▶ [DATA EXCERPTS]:
◇ ◇ ◇ ◇ ◇ ◇ ◇
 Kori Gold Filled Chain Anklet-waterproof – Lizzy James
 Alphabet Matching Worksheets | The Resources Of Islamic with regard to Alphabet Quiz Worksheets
◇ ◇ ◇ ◇ ◇ ◇ ◇
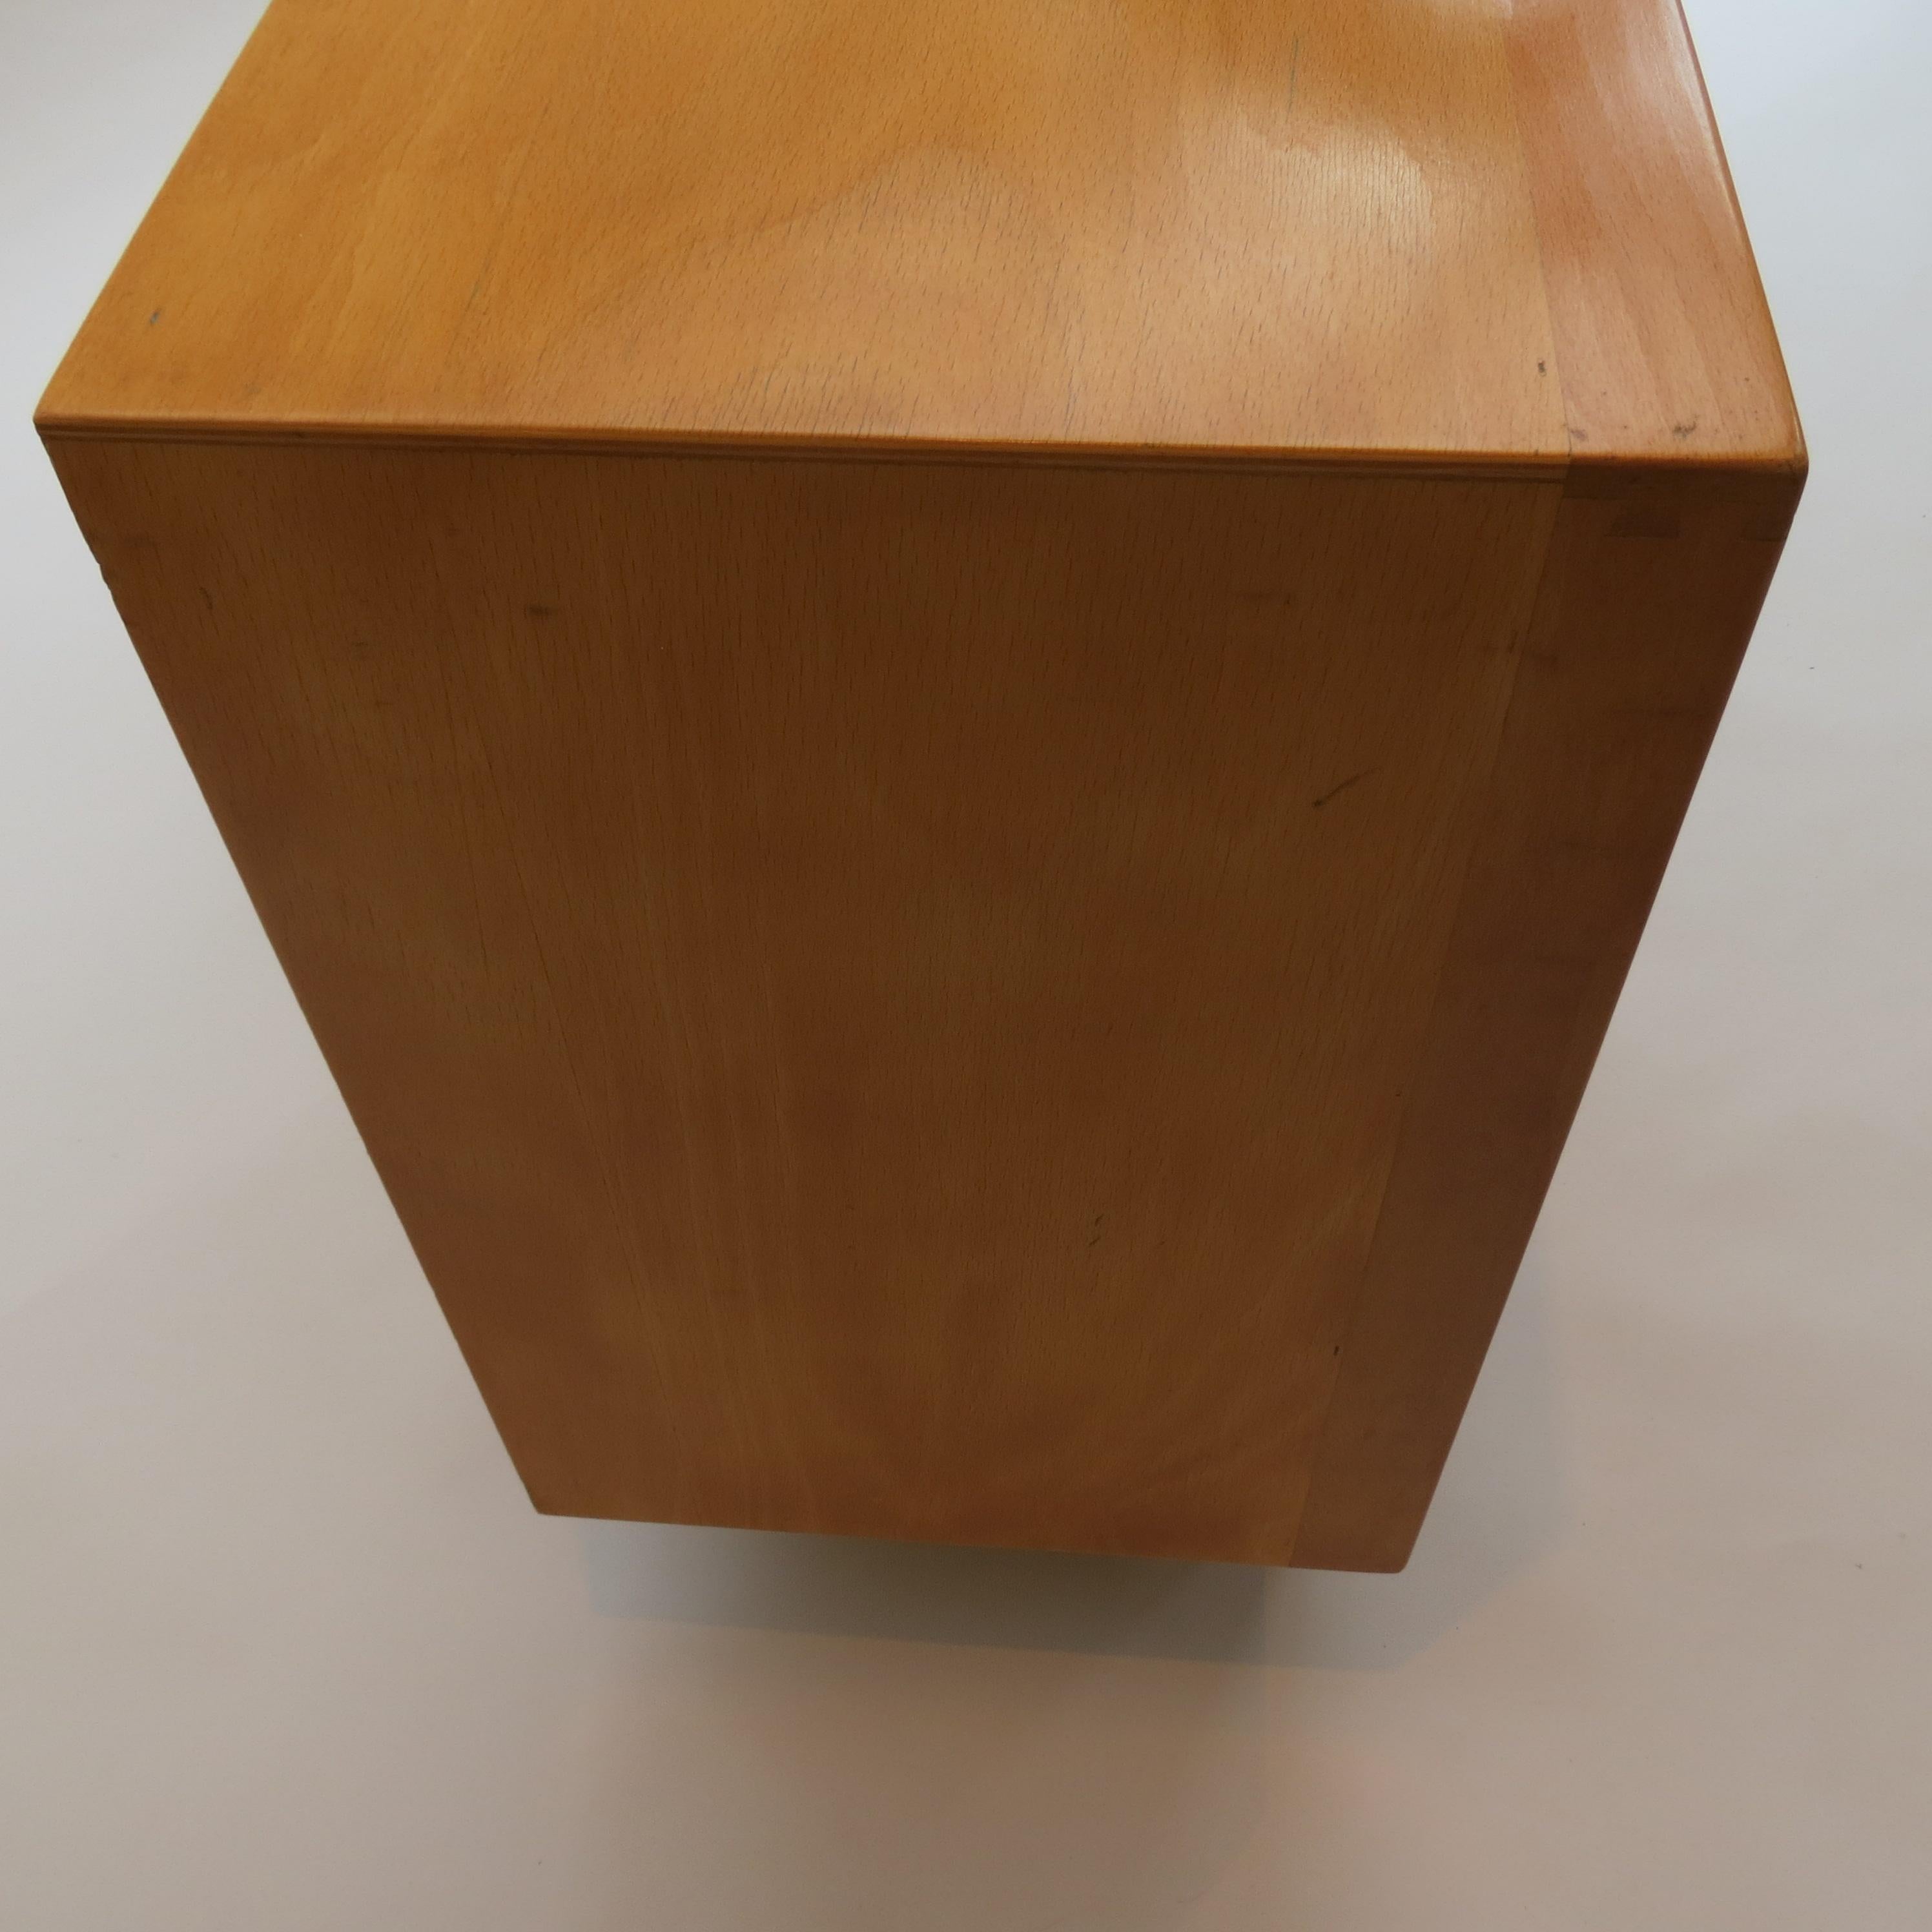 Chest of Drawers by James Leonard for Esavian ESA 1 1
◇ ◇ ◇ ◇ ◇ ◇ ◇
▶ [WHAT TO DO]: Among the entries above, locate the lines containing "Kori Gold Filled" and "Alphabet Matching Worksheets", and transcribe exactly those two lines and all lines between.

▶ [RESULT]:
 Kori Gold Filled Chain Anklet-waterproof – Lizzy James
 Alphabet Matching Worksheets | The Resources Of Islamic with regard to Alphabet Quiz Worksheets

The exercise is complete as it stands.